(Maine Credit Unions Financial Literacy Blog) – According to the Centers for Disease Control and Prevention, almost a third of working Americans have some sort of medical debt. In the United States, the cost of treatment for an accident, illness, or pregnancy can reach highs that are difficult to afford—even with insurance. Not having enough money saved away, and the stress of overwhelming bills and collection tactics often turn people to plastic. However, should you be paying off medical debt with a credit card?
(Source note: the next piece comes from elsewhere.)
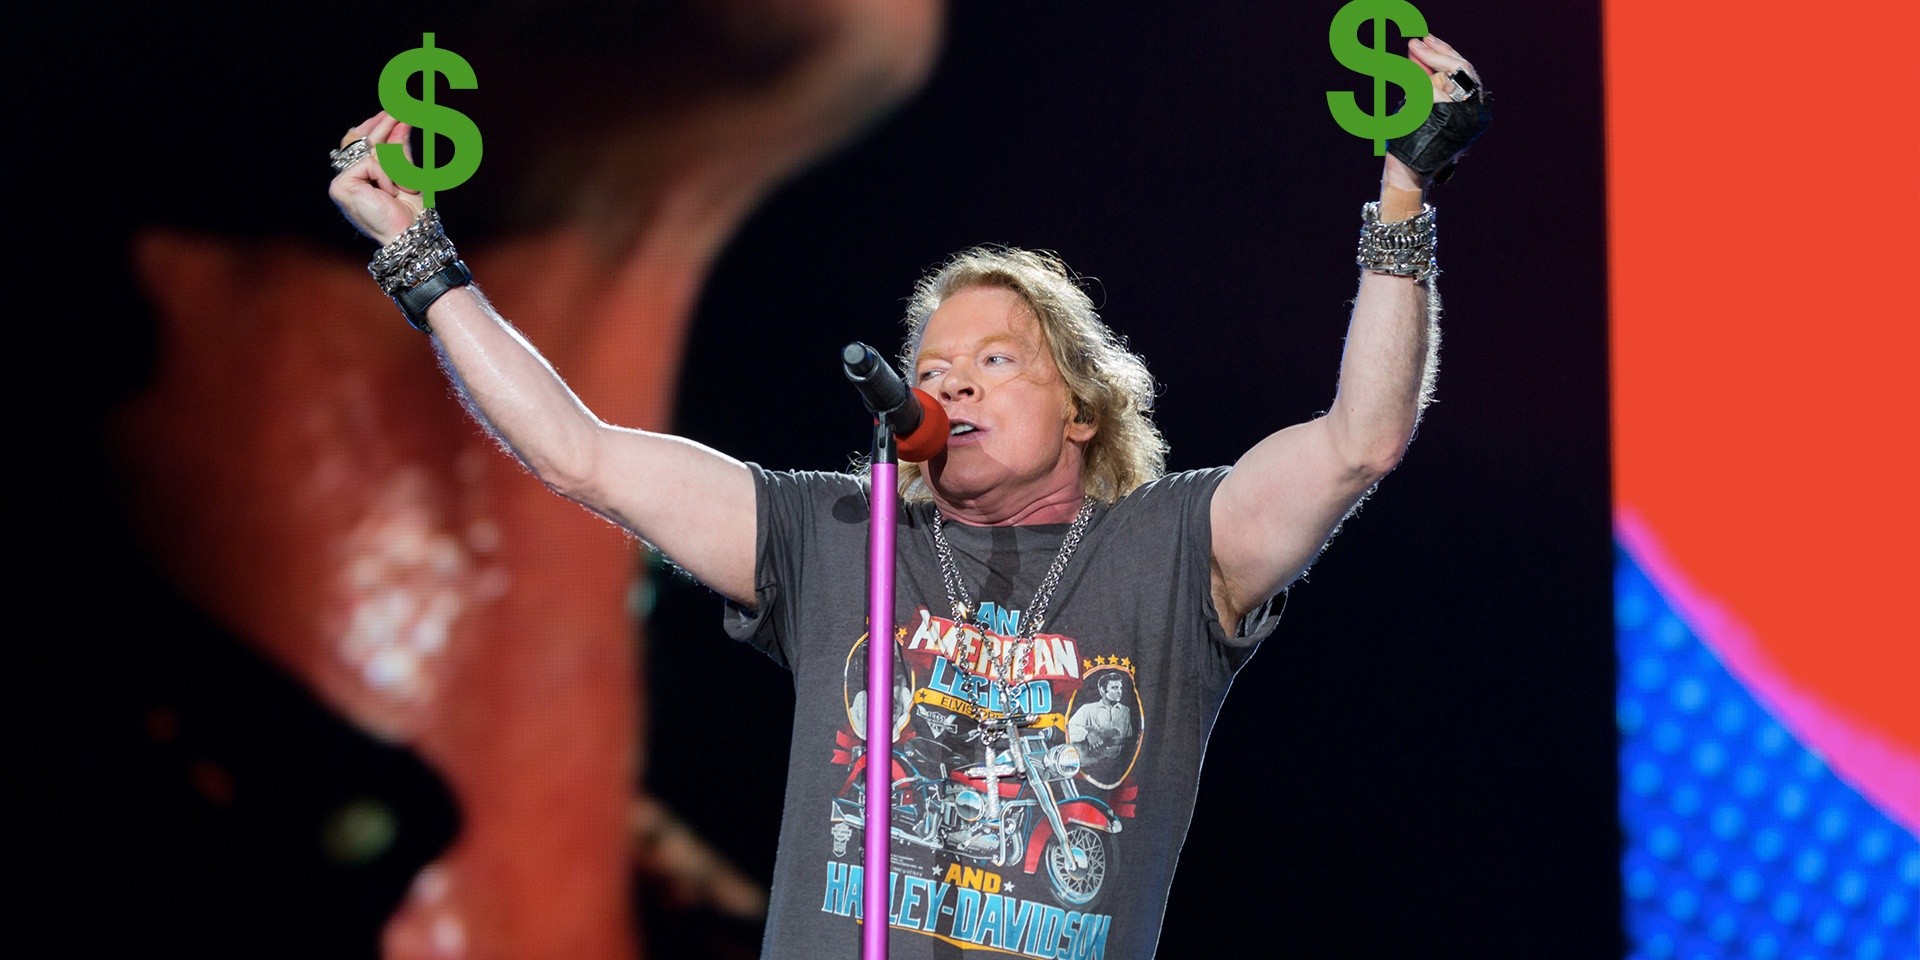 Guns N' Roses RFID refunds now available for collection

While promptly paying with your credit card may seem like a quick fix, it can actually cost you more in the long run. That’s especially true if making your payments in full and on time would be difficult. Before turning to your credit card to pay off medical bills, you should be aware of the following:
Negotiate Your Bill
If you’ve been hit with a medical bill you simply can’t afford, try working with the hospital’s billing department. They may be inclined to settle on a lower price in lieu of selling your debt to a collection agency for a fragment of the original amount. Additionally, your medical provider may even accept less money if you agree to pay immediately. A prompt payment at a negotiated price is often a more attractive option to the provider than having to chase payments. Before you pull out your credit card to cover the bill, make an effort to negotiate.
Set Up a Payment Plan
Many medical providers, including physicians, dental offices, and hospitals, may work with you on a payment plan if you can’t afford to pay one large sum. By breaking the bill up into monthly payments, it can be much more manageable. Paying all at once on a credit card can backfire if it takes you too long to pay it off—especially if your card has a high interest rate. Instead, find out if an interest-free repayment plan is an option. If a repayment plan is an option, but it isn’t interest-free, compare the APR to your credit card.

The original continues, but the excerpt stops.